El BCE bajará los tipos mañana, punto. Los operadores ya dan por tomada la decisión, con un 99 % de probabilidad de un recorte de 25 puntos básicos.
Esto reduce la tasa de la facilidad de depósito al 2%, exactamente la mitad de lo que era a mediados de 2023, cuando la inflación estaba descontrolada y el BCE se encontraba en apuros. La cifra ya está incorporada, pero la verdadera pregunta ahora es: ¿qué pasará después?
Según la CNBC, el recorte se produce cuando la inflación en la eurozona ha caído al 1,9% en mayo, casi alcanzando el objetivo del 2% del BCE. Sin embargo, el crecimiento sigue siendo bajo. El PIB del bloque aumentó apenas un 0,3% en el primer trimestre de 2025, según la estimación más reciente. Eso es débil. Y el entorno de la eurozona tampoco ayuda.
La Casa Blanca, bajo el mando de Donald Trump, ha vuelto a poner los aranceles en el centro de la conversación global. Si EE. UU. sigue adelante con otra ronda de sanciones comerciales, represalias de la UE . Si a esto le sumamos el gran reajuste fiscal de Alemania y el gasto en rearme de la UE, el resultado es una perspectiva económica que se mantiene firme.
El BCE no ofrece una vía clara más allá de mañana
Nadie espera que el BCE explique con claridad hacia dónde se dirige esto. El mercado exige orientación. El Consejo de Gobierno no la ofrece. No esta semana. Algunos analistas prevén otro recorte incluso en julio. Jack Allen-Reynolds, economista jefe adjunto de la eurozona, afirmó que las últimas cifras de inflación abren la puerta a que el próximo movimiento se produzca más pronto que tarde.
Pero los economistas de Barclays apuestan por un ritmo más lento. Afirmaron que el BCE evitará cualquier promesa. «Creemos que el BCE se mantendrá evasivo respecto a su estrategia de política monetaria y seguirá un enfoque reunión por reunión para mantener la flexibilidad y la opcionalidad en la calibración de políticas». Esa es la jerga corporativa para decir «no esperen una hoja de ruta»
¿Su escenario base? Mantener las tasas estables durante el verano y luego reducirlas dos veces más para finales de año: septiembre y diciembre, 25 puntos básicos cada una. Eso dejaría la tasa muy por debajo del 2%, pero solo después de una larga pausa.
Hay fundamentos para esa opinión. BofA Global Research también afirmó en una nota esta semana que «al BCE se le están agotando las razones para no bajar del 2%». Esperan más recortes, pero dudan que haya indicios mañana. «Esperamos cierto reconocimiento de que la posibilidad de bajar los tipos por debajo del 2% está abierta, pero es improbable que se dé una señal muy explícita. La incertidumbre sobre los aranceles dará al Consejo de Gobierno suficiente margen para no comprometerse previamente a más»
Las nuevas proyecciones del personal técnico del BCE también se publicarán el mismo día que la decisión sobre los tipos de interés. Estas incluirán sus últimas expectativas sobre la inflación y el crecimiento económico. La OCDE ya ha publicado sus propias cifras: un crecimiento del 1 % y una inflación del 2,2 % para la eurozona en 2025.
Los recortes de tasas afectarán a los préstamos y los ahorros de manera diferente
Si eres consumidor, lo importante no es solo que el BCE esté recortando. Es cómo ese recorte se refleja en tus préstamos o depósitos. Bas van Geffen, estratega macroeconómico sénior de RaboResearch, afirmó: «El tipo de interés de los depósitos a corto plazo tiende a seguir muy de cerca el tipo de interés de los depósitos». Esto significa que si el BCE recorta los tipos un 0,25 % mañana, los bancos podrían reducir rápidamente lo que pagan por tus cuentas de ahorro.

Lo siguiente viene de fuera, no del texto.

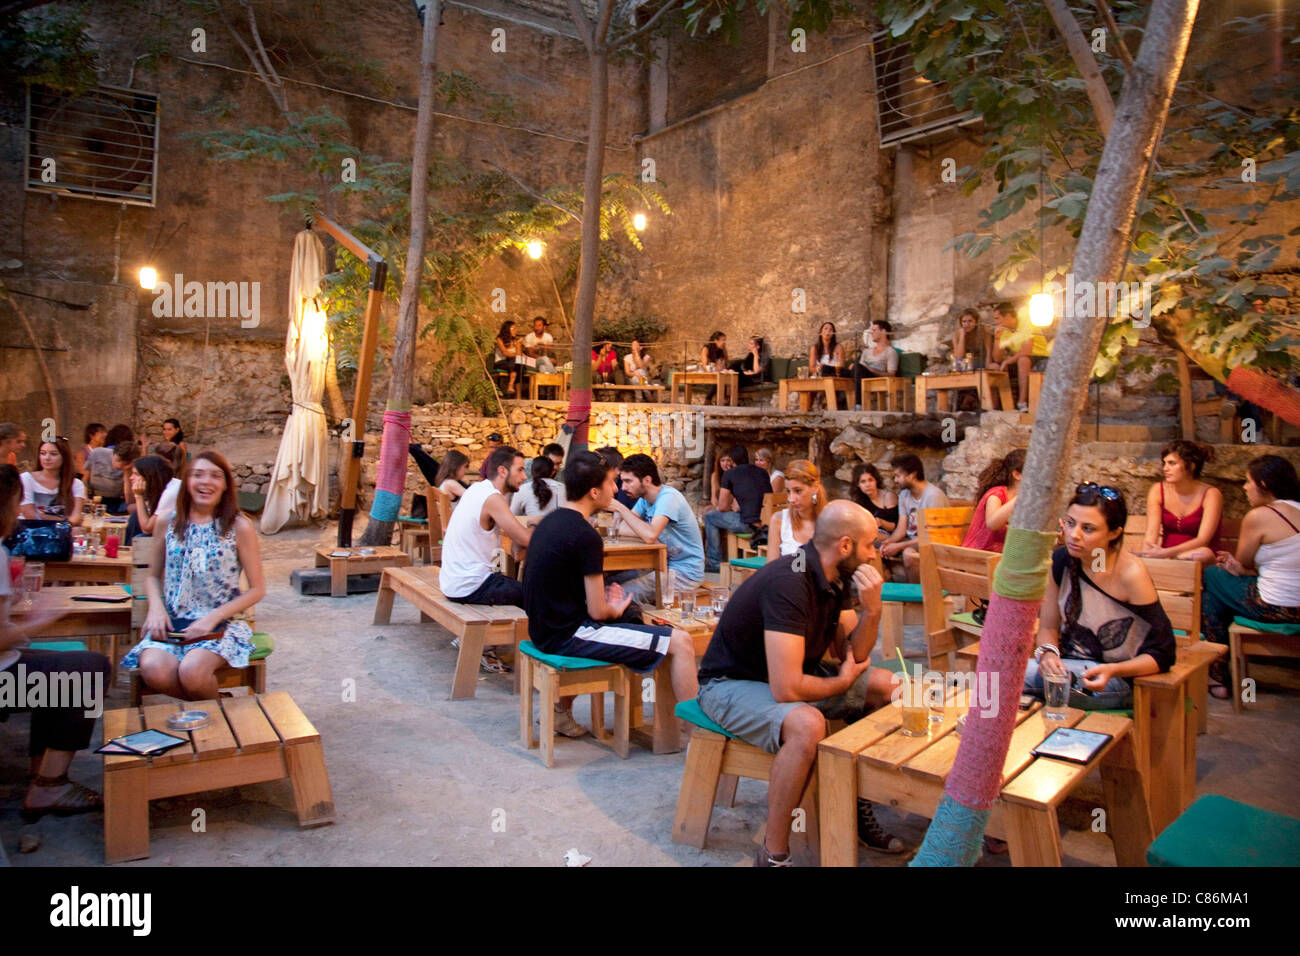 People At Six Dogs A Trendy Outdoor Bar In The Monastiraki Area Six

Hay un retraso, pero es breve. «Una semana después de la reunión del BCE, entra en vigor el tipo de interés oficial. Por lo tanto, si el BCE recorta el tipo de interés de depósito el jueves, los bancos recibirán un 0,25 % menos de interés por sus depósitos en el banco central. Esto también podría hacer que bajen el tipo de interés que pagan por sus cuentas de ahorro», explicó Bas.
Pero si tiene productos a largo plazo, como una hipoteca fija a 10 años, no espere la misma reacción. Esas tasas se basan en las expectativas, no solo en el movimiento principal de hoy. "El mercado lleva mucho tiempo esperando que el BCE recorte las tasas esta semana", dijo Bas.
Esa anticipación ya está incorporada en las tasas a largo plazo. Así que no esperen que cambien repentinamente mañana. "Eso también significa que estas tasas a largo plazo no necesariamente cambiarán después de la decisión de política monetaria de esta semana", añadió Bas.